The laughter, the words, the music, of the residents showed the embers of genuine glee, one found in the smiles and dreams of the young. It is as if they were not people dragged in the darkness of broken valor; it is as if the sea of old and juvenile faces at Payatas defines the spirit of childlike joy. Watching them, listening to them, would take one to those moments when a simple bahay-bahayan or a game with toy robots and wooden swords mean fulfillment and ambivalence.

Tres los hahahas and promises
She has a karaoke bar. She would go back to its melodies, and to the father of her children. The 18-year-old boy beside her would take care of his child, and would find a decent job for his wife. Seated together with small groups of the volunteers, they and the other residents share their past and bare their visions to their young visitors, as if they were old friends chasing the same destinies and prayers.

   


The remaining rays of the afternoon would witness the gems of artistry in the rehabilitation, as the residents dance to modern beats with pizzazz, and as Tres Los Baños, a group of stand-up comedians inside the center, bask on the hilarity of Pinoy taboos and music to everyone’s amusement.

Behind the mirthful sound, however, is the emanating realization that these residents have gifts that should be coalesced with the rhythm of tomorrow. They are people who have fallen to the void of a convoluted reality, but are doing their best to trace the path of a magnanimous life.

When the volunteers where given the last few moments to voice their reflections, Kuya Carlo, a volunteer who grew up at Australia, expressed his heartfelt gratitude to the residents of the Payatas rehabilitation center. Everyone echoed this zeal…for after all, it is really the residents, and their lives, which emulated the soul of inspiration, and purpose of self, in this perpetually-drifting world.

Horizons
As cited by Mayen Jaymalin of the Philippine Star in her 2004 article “Lack of Jobs Forcing Youth to turn to Drugs – ILO official,” Emma Porio, the head of the researchers who conducted an International Labor Organization (ILO) study on the rate of youth unemployment, stated that 10 to 20 percent of the young people in the depressed areas in Pasay, Manila and Quezon City were part of the drug trade.

Wernes Blenk, the ILO representative then, also stressed that it is the lack of jobs that served as the primary reason why the youth resort to the use of illegal substances.

Two years later, the reasons for drug abuse would still lie on the decadent bridge of dearth and a montage of other social inequities. In the Payatas Rehabilitation Center, both the young people and the adults have been blinded by the ephemeral liberty of drug usage. Numbers could double as years pass by, with more homes getting broken, plans shattering into colorless fragments and relationships dissolving in the coldness of uncertainty.

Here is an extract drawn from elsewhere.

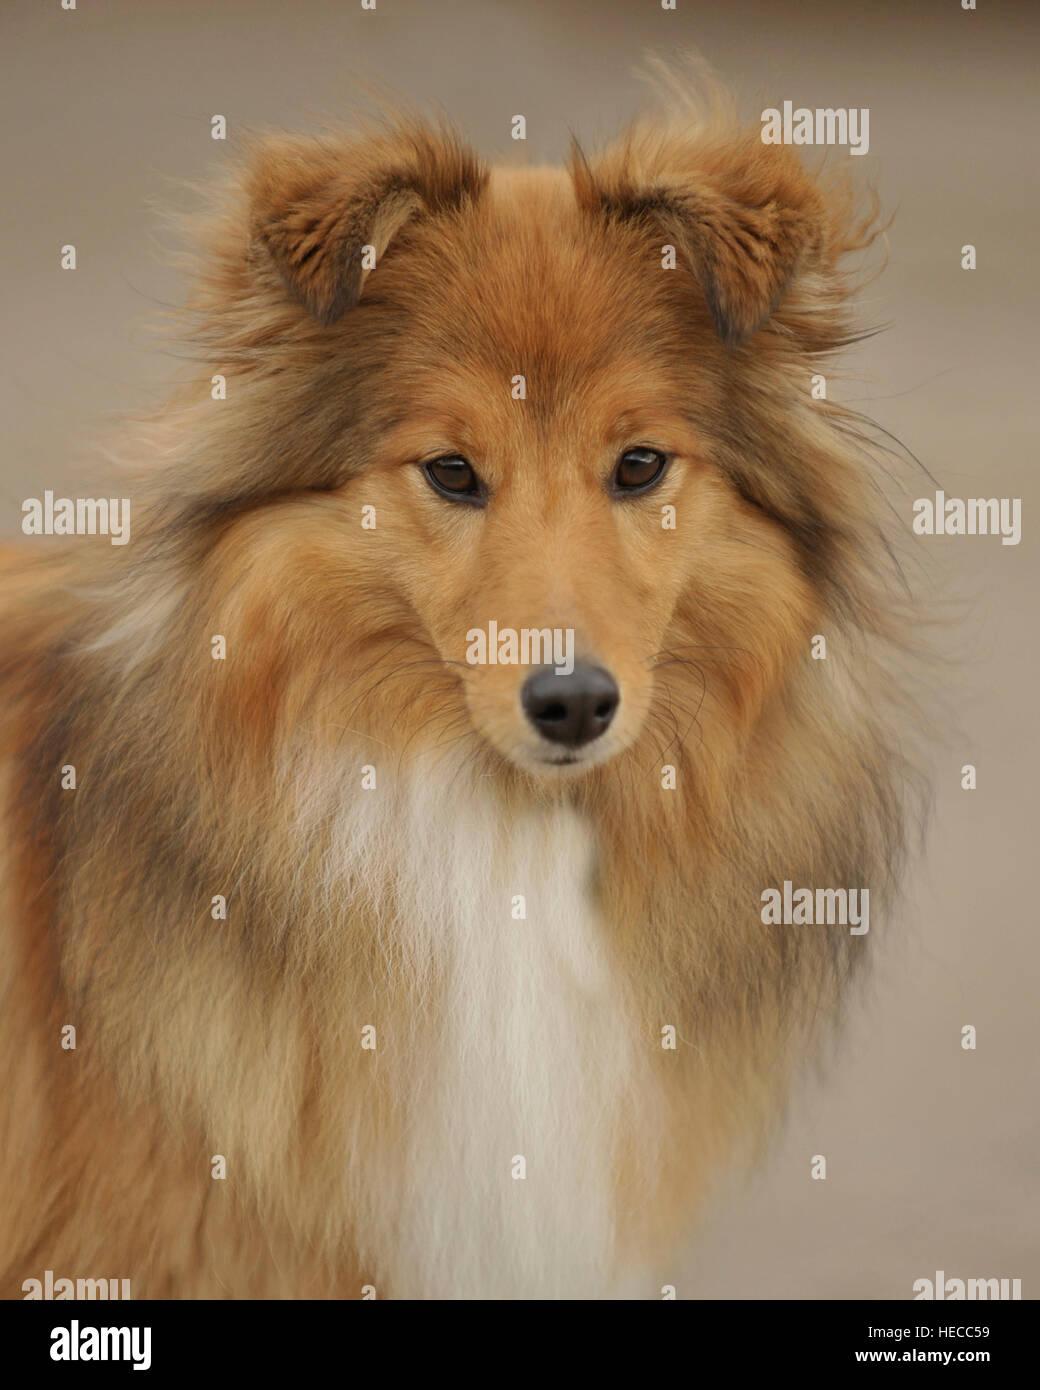 shetland sheepdog - Stock Image

As history have seen the old Beatles anthem “Lucy in the Sky with Diamonds” as a caricature of drug abuse seeping in the oscillation of music, lifestyle and the routine of diverse people, the veracity of illegal substance sales and usage ceases to disappear at the present culture. But it is about time that the wings of fake release be clipped, and the ambage sky and diamonds be exchanged with the realness of a forgiving humanity.

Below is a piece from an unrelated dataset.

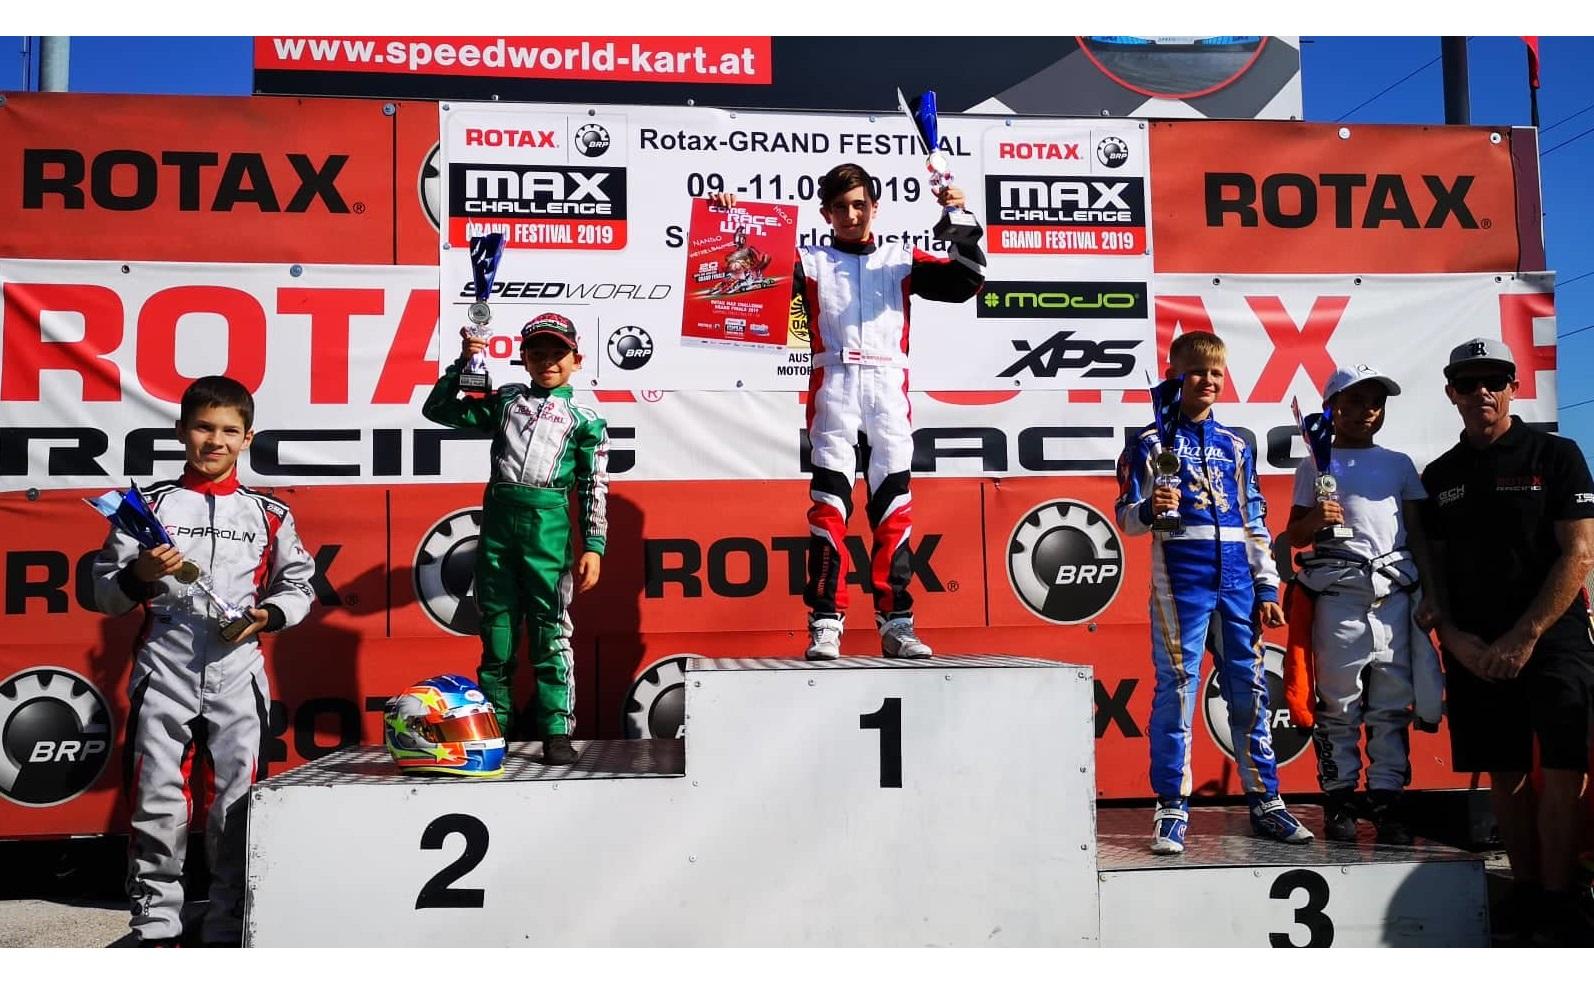 Christian Costoya subcampeón del Rotax Grand Festival 2019

Indeed, a day at a rehabilitation center would not be able to eliminate the problem of drug dependence. But as a single breath at dawn is enough to mark the felicitousness of chastity, so does a step towards change suffice for a pertinacious difference.

   


The Global Youth Service Day would not be the lone avenue for VOTY and other young volunteers to revitalize strength in the lives of their fellow Filipinos.

In the seraph’s hands, in the bastion of ineffable will, every day is a chance to sow courage and fortitude, in the bonhomie freedom, of hope.